### The data
☆ ☆ ☆

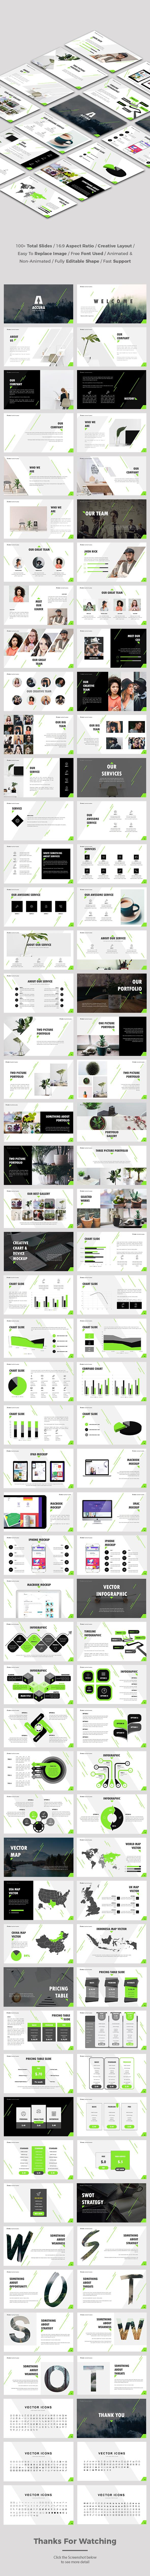 Accura - Pitch Deck Google Slides Template - Google Slides Presentation Templates
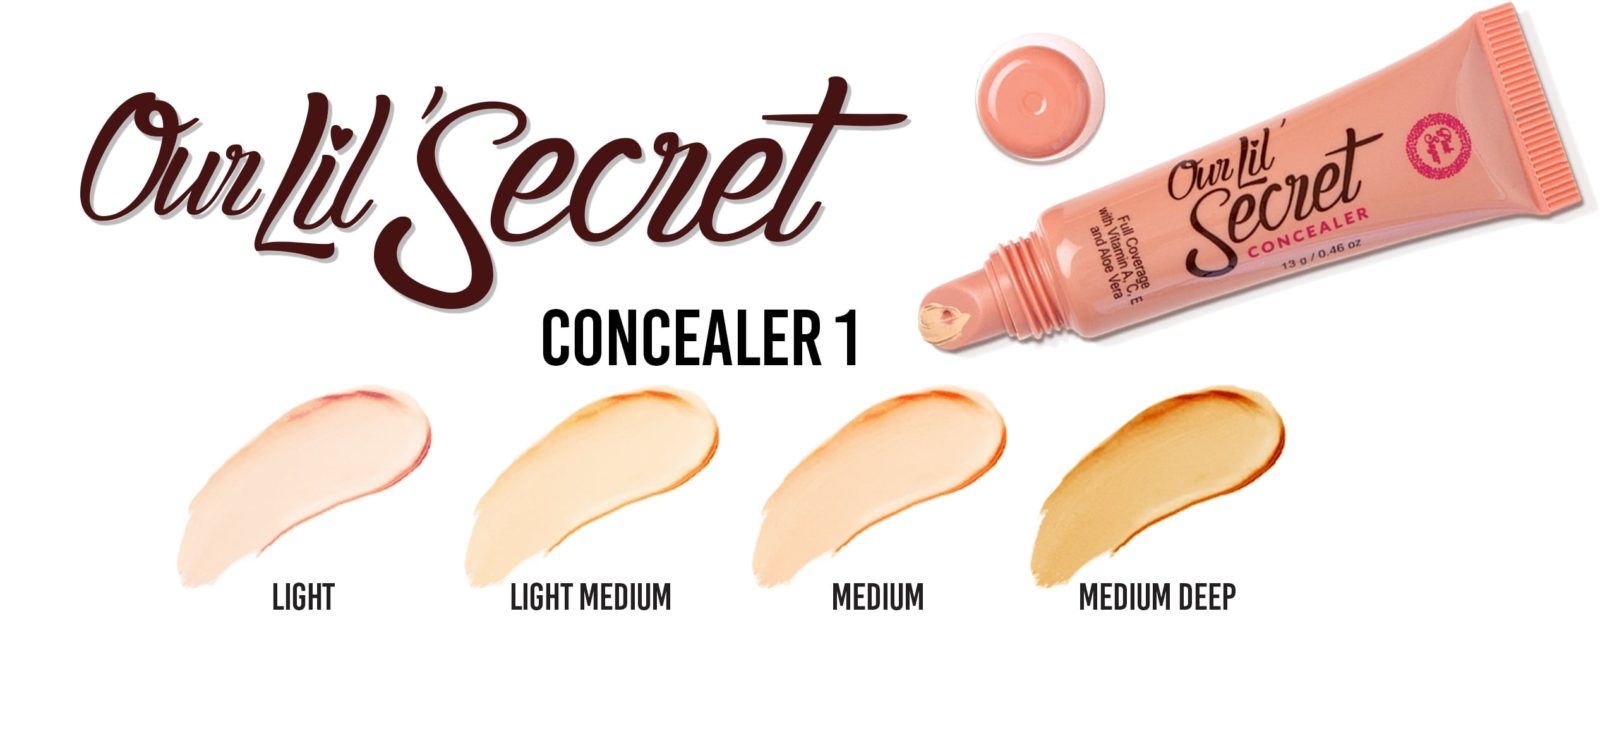 Our Lil' Secret Concealer Swatch Chart
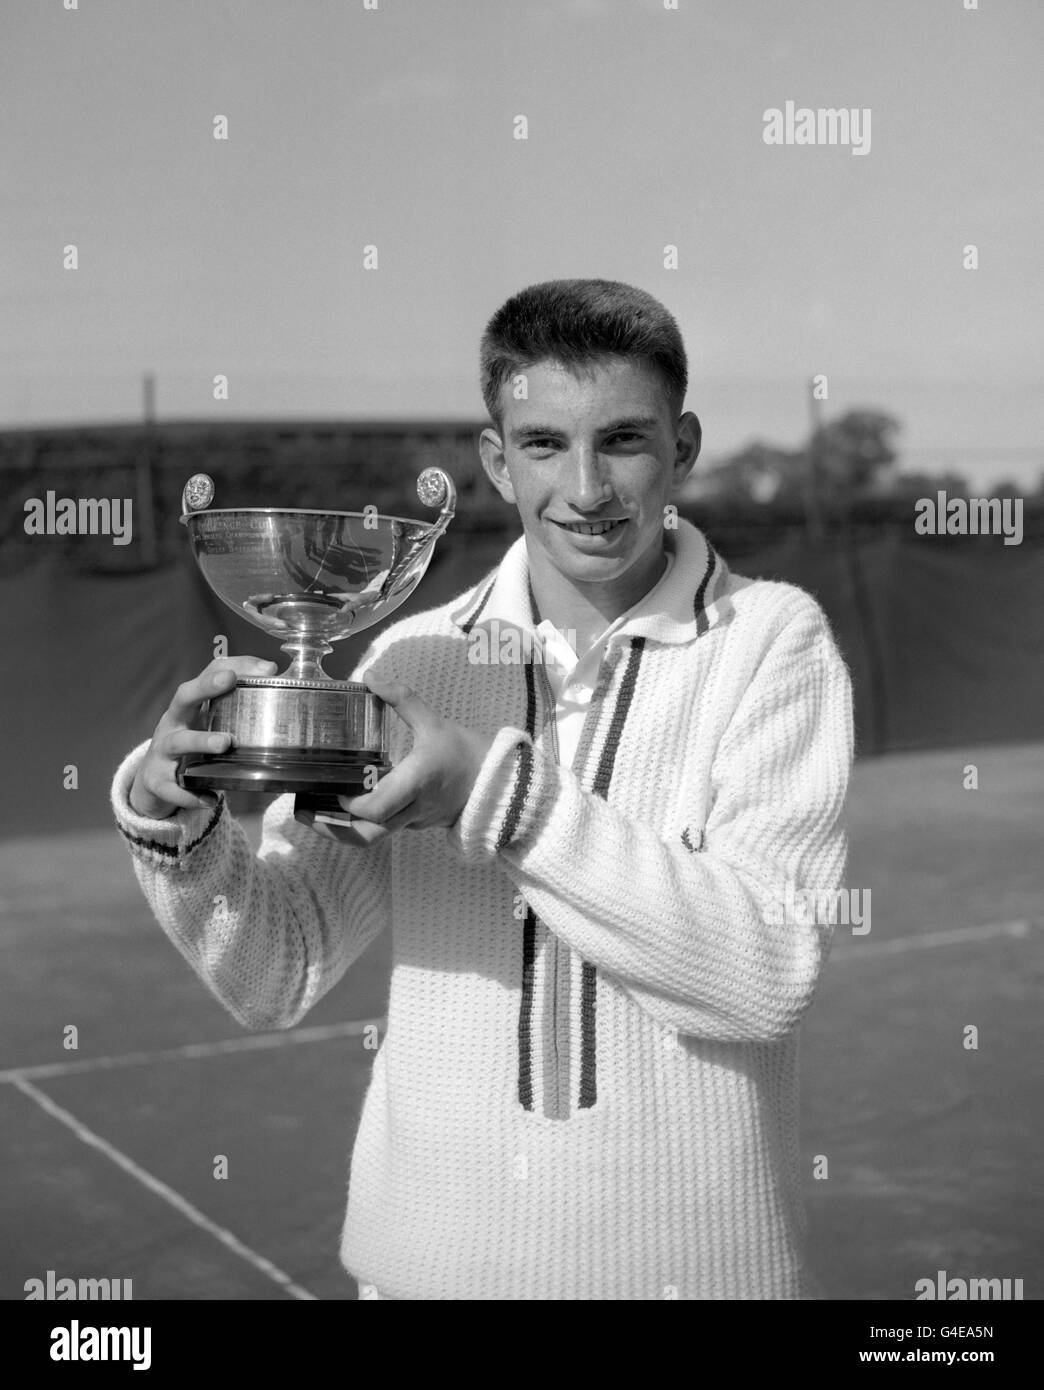 Tennis - Junior Championships of Great Britain - Boy's Singles - Wimbledon - Stock Image
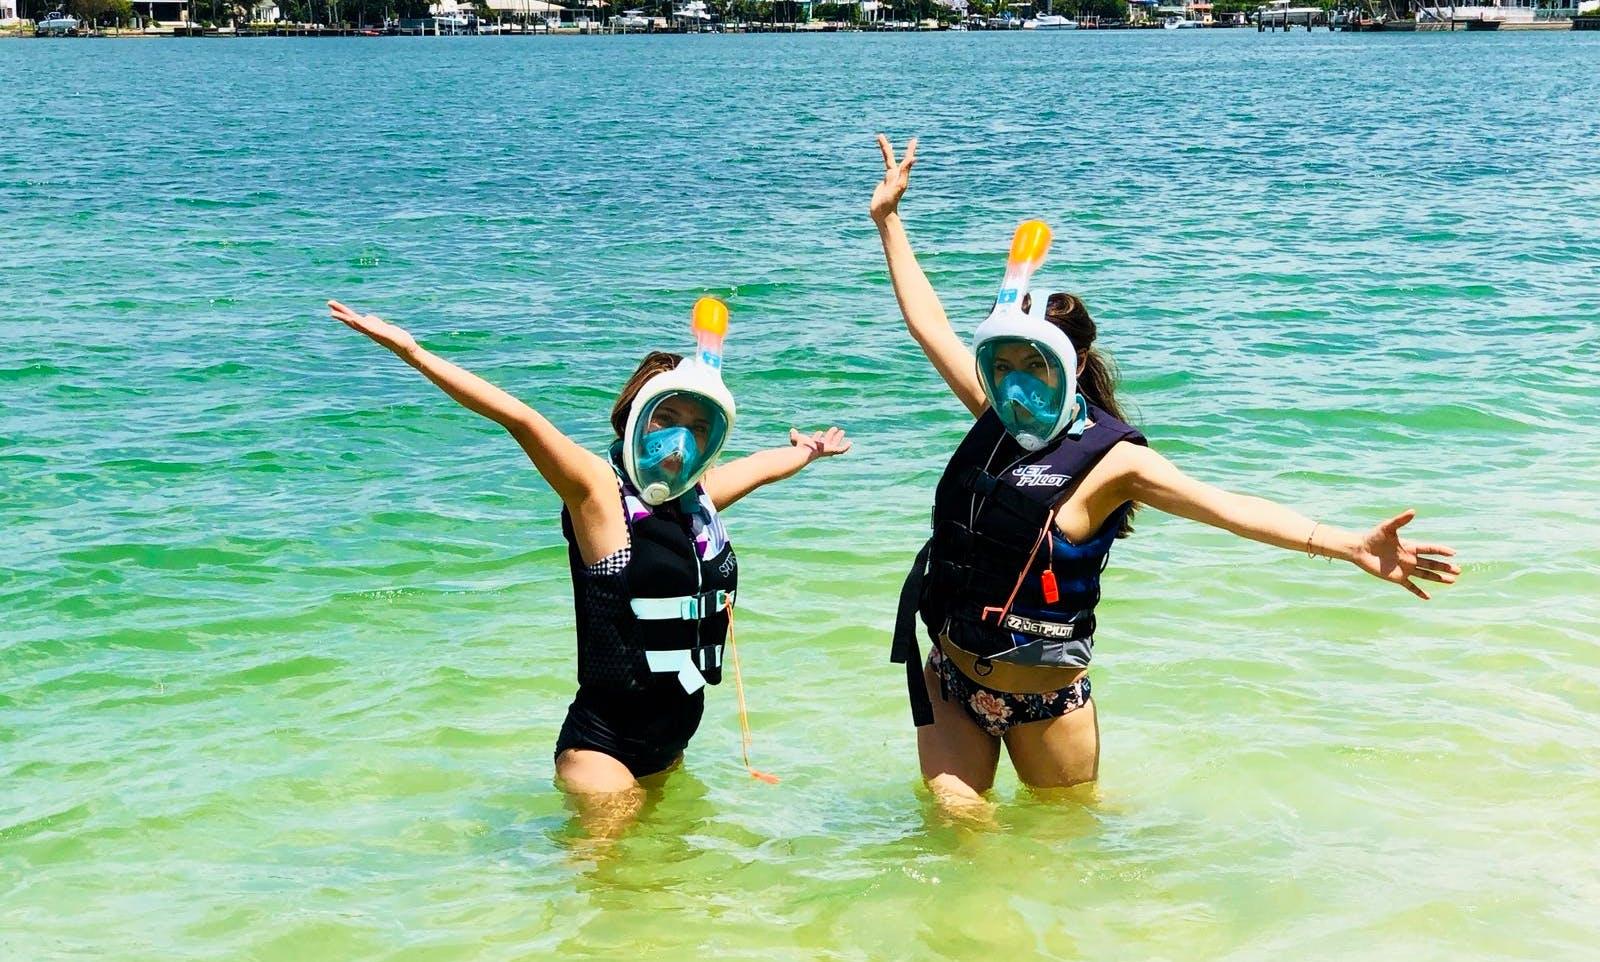 snorkeling tours in Miami Beach
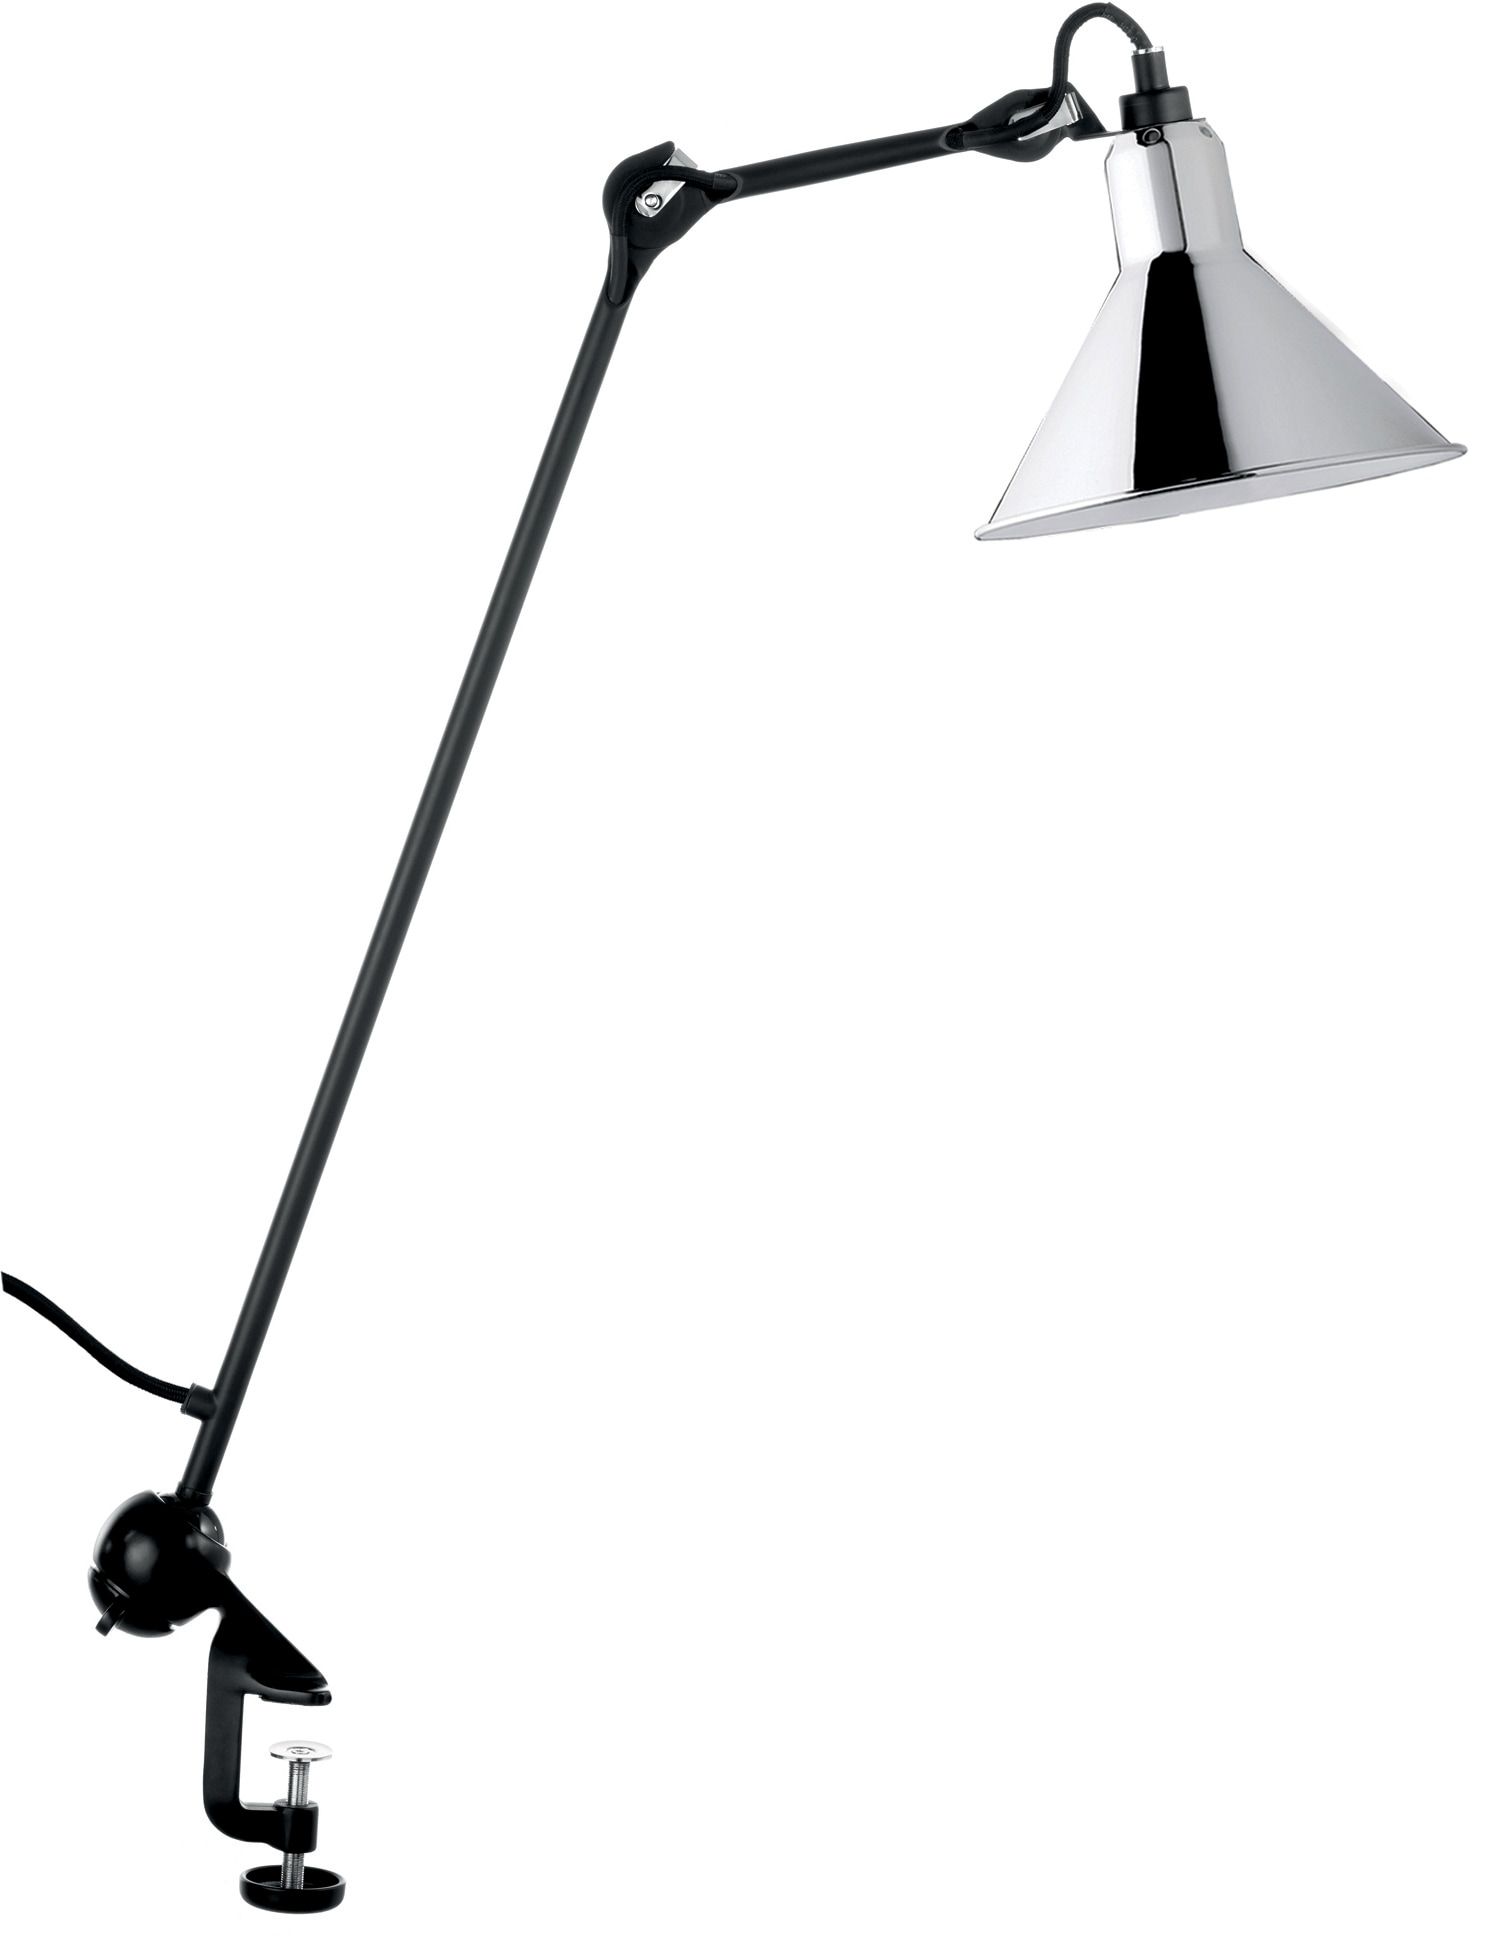 N°201 Bordslampa Krom/svart

☆ ☆ ☆

### Work item
Would you output the data above exactly as written, but with no images?

### Your response
 Accura - Pitch Deck Google Slides Template - Google Slides Presentation Templates
 Our Lil' Secret Concealer Swatch Chart
 Tennis - Junior Championships of Great Britain - Boy's Singles - Wimbledon - Stock Image
 snorkeling tours in Miami Beach
 N°201 Bordslampa Krom/svart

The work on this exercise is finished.